Морган чуть выше меня, на вид ей около двадцати пяти, и она очень рада видеть Марка.
Он заключает ее в объятия, потом держит на расстоянии вытянутых рук, чтобы как следует рассмотреть.
— Ты хорошо выглядишь.
— Да, неплохо. Как ты?
— Не могу пожаловаться. А теперь… Это Уна — Уна Приор. Уна — Морган Фишер.
— Добрый день, Морган.
— Привет, — говорит она. — Помню, Марк о вас говорил.
— О боже! — жизнерадостно отзываюсь я.
Подошедшая пара начинает восхищаться товарами Морган. Они и вправду восхитительны: на одной стороне покрытого темным бархатом прилавка лежат ожерелья из солнышек, колечки для пирсинга в виде луны и Мелузина в обличье дракона. На той стороне прилавка, что покрыта белым шелком, — изящные свисающие сережки из зеленого и голубого стекла, похожего на дождевые капли, серебряные звезды и эмалевые листья, и еще одна Мелузина, на этот раз с раздвоенным хвостом морской змеи. Аккуратные маленькие карточки, написанные от руки золотыми и серебряными чернилами, возвещают, что все украшения для ушей из чистого серебра, что кредитные карточки принимаются, и объясняют, как разобраться в пробирном клейме.
— Похоже, некоторое время ты будешь занята, — говорю я.
Пара платит за кулон в виде головы барана для супруга и за брошь в виде молнии для жены, и их место занимает девчушка с круглыми глазами, все еще сжимающая в руке разрешение на прокалывание ушей и благоговейно теребящая свои ярко-розовые мочки. Она начинает рассматривать сережки- звезды.
— Морган, ты не возражаешь, если я отправлюсь в замок? — спрашиваю я. — Прошу прощения, что веду себя так неприветливо. Но замок важен для меня, а я никогда его не видела.
— Конечно не возражаю, — просто говорит она. — Вы ведь за этим сюда и приехали?
— Марк?
— Да, хорошо. Морган, милая, мы недолго.
— Не торопитесь, — говорит она. — Я никуда не уйду.

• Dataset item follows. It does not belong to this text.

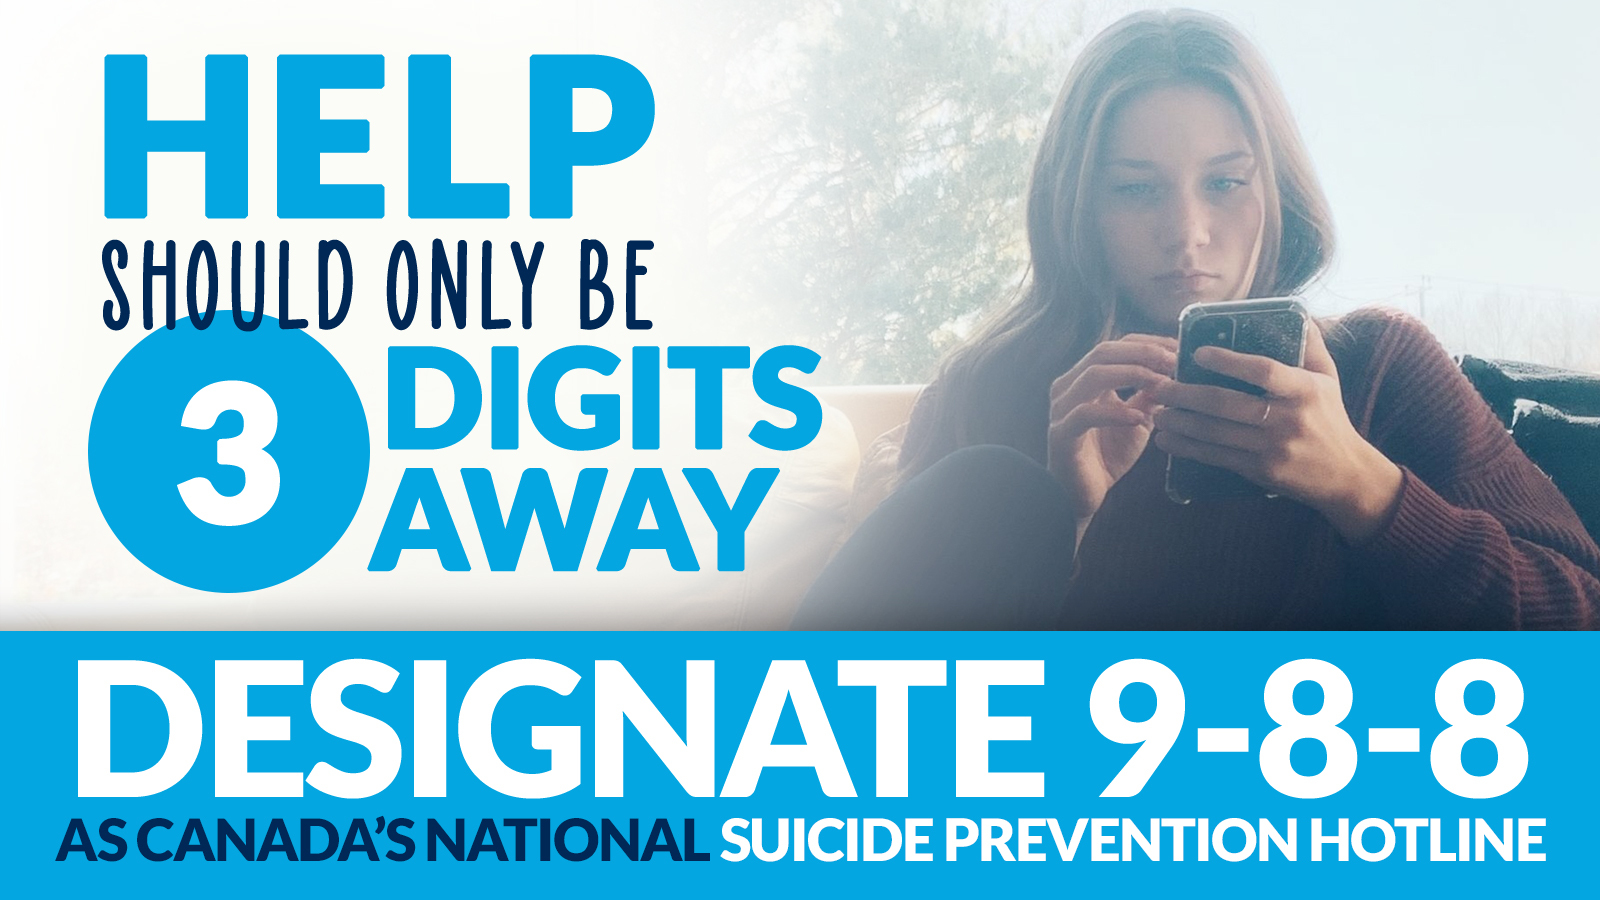 DEDICATED 9-8-8 NATIONAL SUICIDE HOTLINE TO BE IMPLEMENTED FOR CANADIANS IN CRISES

Мы с Марком молча идем вверх, к Кастл-Чейн, и рынок окружает нас почти до той минуты, как мы входим в навесную башню. Над нами — толстые стены замка. Даже лежащие в руинах, башни остаются массивными, вход — широким, размеры замка — грандиозными. Это огромный административный центр, и на большой карте на вывеске показаны апартаменты королей и королев, помещения для чиновников, счетоводов и судей. Здесь есть конюшни и склады оружия, рассчитанные на экипировку сотен людей, конторы, хлебопекарни, подвалы для хранения эля и вина, пороховые погреба, где держали и пушечные ядра, места для турниров и поединков, сады и огороды, поставлявшие еду и лекарства, и сады, разбитые для удовольствия. Есть даже лужайка для игры в шары.